#### Description of the task
Copy exactly the line that contains "And follow her" plus all remaining lines of the data, and leave out every line before it.

#### Dataset section
--*--

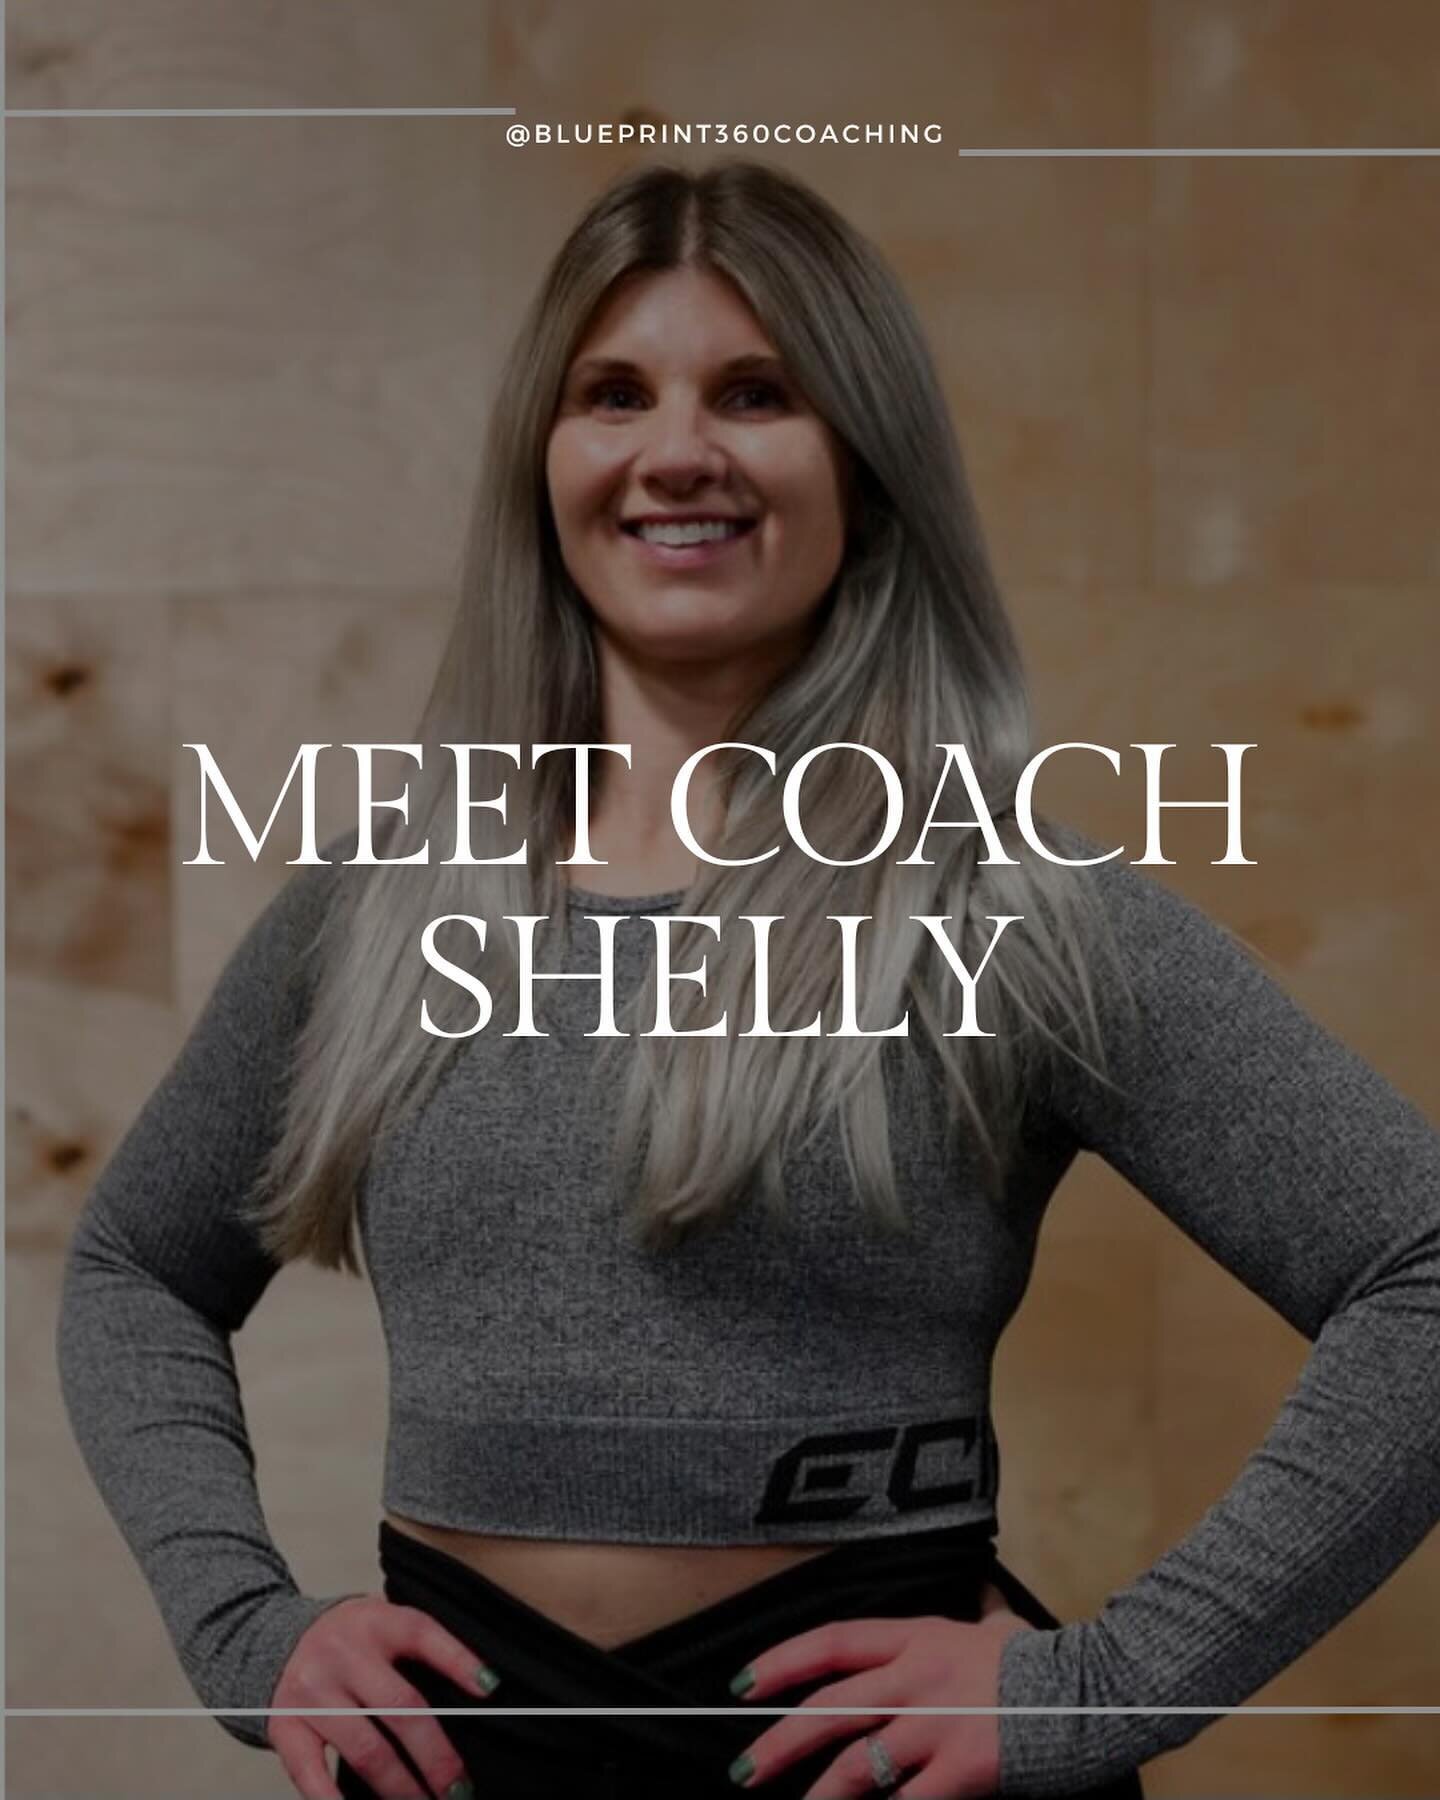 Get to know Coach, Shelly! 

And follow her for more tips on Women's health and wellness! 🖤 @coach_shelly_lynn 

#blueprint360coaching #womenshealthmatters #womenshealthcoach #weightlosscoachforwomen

--*--

#### Task result
And follow her for more tips on Women's health and wellness! 🖤 @coach_shelly_lynn 

#blueprint360coaching #womenshealthmatters #womenshealthcoach #weightlosscoachforwomen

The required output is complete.